Aside from these main DVs, we also find that participants in the stereotypical condition report significantly more gender anxiety, and see trends towards significance on almost every other variable: how fun the course seems, self-confidence, and long-term interest in studying CS.
a0 <- aov(enroll_intent_all ~ condition, data=ambe)
summary(a0)
## Df Sum Sq Mean Sq F value Pr(>F)
## condition 1 10.23 10.233 3.822 0.0553 .
## Residuals 59 157.96 2.677
## ---
## Signif. codes: 0 '***' 0.001 '**' 0.01 '*' 0.05 '.' 0.1 ' ' 1
plot(enroll_intent_all ~ condition, main="Survey: Enroll Intent by Condition (AMT)", data=ambe)
a1 <- aov(am_be_all ~ condition, data=ambe)
summary(a1)
## Df Sum Sq Mean Sq F value Pr(>F)
## condition 1 5.34 5.337 2.03 0.159
## Residuals 59 155.10 2.629
plot(am_be_all ~ condition, main="Survey: Ambient Belonging by Condition (AMT)", data=ambe)
a2 <- aov(anticip_success_all ~ condition, data=ambe)
summary(a2)
## Df Sum Sq Mean Sq F value Pr(>F)
## condition 1 2.46 2.458 1.642 0.205
## Residuals 59 88.35 1.497
plot(anticip_success_all ~ condition, main="Survey: Anticipated Success by Condition (AMT)", data=ambe)
a3 <- aov(fun_all ~ condition, data=ambe)
summary(a3)
## Df Sum Sq Mean Sq F value Pr(>F)
## condition 1 4.49 4.491 1.863 0.177
## Residuals 59 142.25 2.411
a4 <- aov(cs_talent_all ~ condition, data=ambe)
summary(a4)
## Df Sum Sq Mean Sq F value Pr(>F)
## condition 1 0.24 0.2445 0.217 0.643
## Residuals 59 66.45 1.1262
a5 <- aov(self_conf_all ~ condition, data=ambe)
summary(a5)
## Df Sum Sq Mean Sq F value Pr(>F)
## condition 1 4.23 4.227 1.646 0.205
## Residuals 59 151.54 2.568
a6 <- aov(long_term_all ~ condition, data=ambe)
summary(a6)
## Df Sum Sq Mean Sq F value Pr(>F)
## condition 1 7.94 7.945 2.494 0.12
## Residuals 59 187.92 3.185
a7 <- aov(stereotypical_all ~ condition, data=ambe)
summary(a7)
## Df Sum Sq Mean Sq F value Pr(>F)
## condition 1 3.25 3.246 1.804 0.184
## Residuals 59 106.16 1.799
a8 <- aov(gender_web_all ~ condition, data=ambe)
summary(a8)
## Df Sum Sq Mean Sq F value Pr(>F)
## condition 1 3.24 3.236 4.056 0.0486 *
## Residuals 59 47.07 0.798
## ---
## Signif. codes: 0 '***' 0.001 '**' 0.01 '*' 0.05 '.' 0.1 ' ' 1
a9 <- aov(gender_anxi_all ~ condition, data=ambe)
summary(a9)
## Df Sum Sq Mean Sq F value Pr(>F)
## condition 1 15.08 15.082 5.3 0.0249 *
## Residuals 59 167.89 2.846
## ---
## Signif. codes: 0 '***' 0.001 '**' 0.01 '*' 0.05 '.' 0.1 ' ' 1
Haven’t run the study with the within-subjects design but want to address that here: I think this plays a huge role—showing both interfaces would make the manipulation much stronger. However, this setup seems less experimentally valid to me, so I’m sticking with between-subjects.

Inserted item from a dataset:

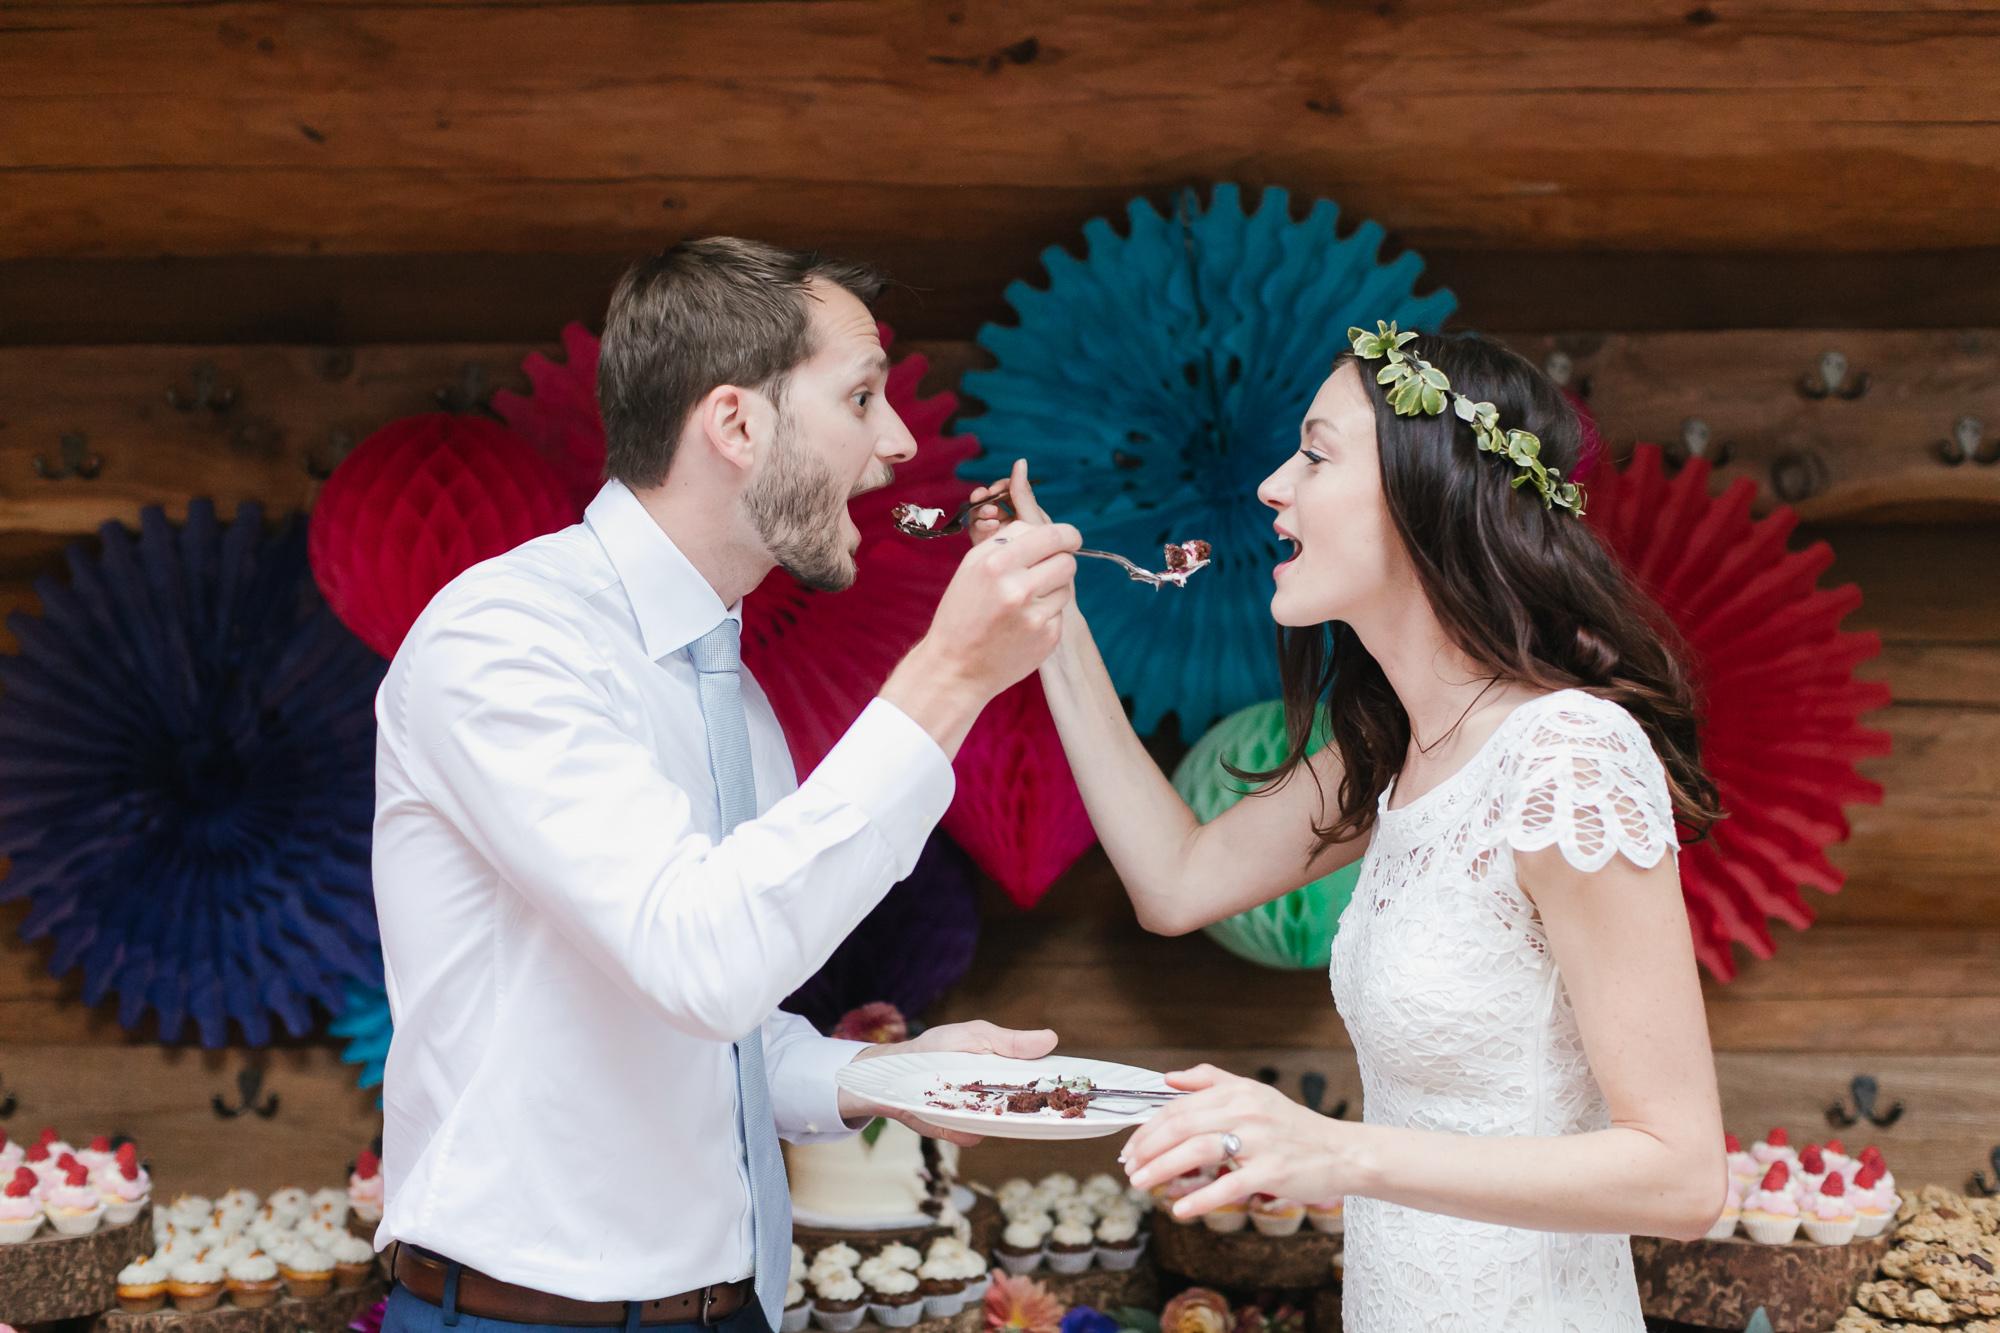 Wedding couple exchange bites of their wedding cake

There are a couple directions we can go from here: 1. Run more female participants—given that the effect of a user interface, which is much less immersive than a physical classroom, is weaker than the physical classroom and also weaker than the within-subjects design of the virtual classroom study, it might make sense to run some more participants. We have ~55 female participants now, and could go for ~60 or ~70. 2. Run male participants—I’ve left them out until now, since we expect that they should not display these same trends. If we wanted to more closely match the original study, though, we could run more. At the moment I’ve only run 7 males through the experiement (before deciding only to look at female participants), and already just that number lessens every single effect according to the ANOVAs above. So collecting males would allow uss to report the two-way ANOVAs as done in the virtual classrooms paper. On the other hand, that population is less critical for our main argument, which is that online interfaces impact users psychologically in measurable ways that have concrete downstream effects on behavior.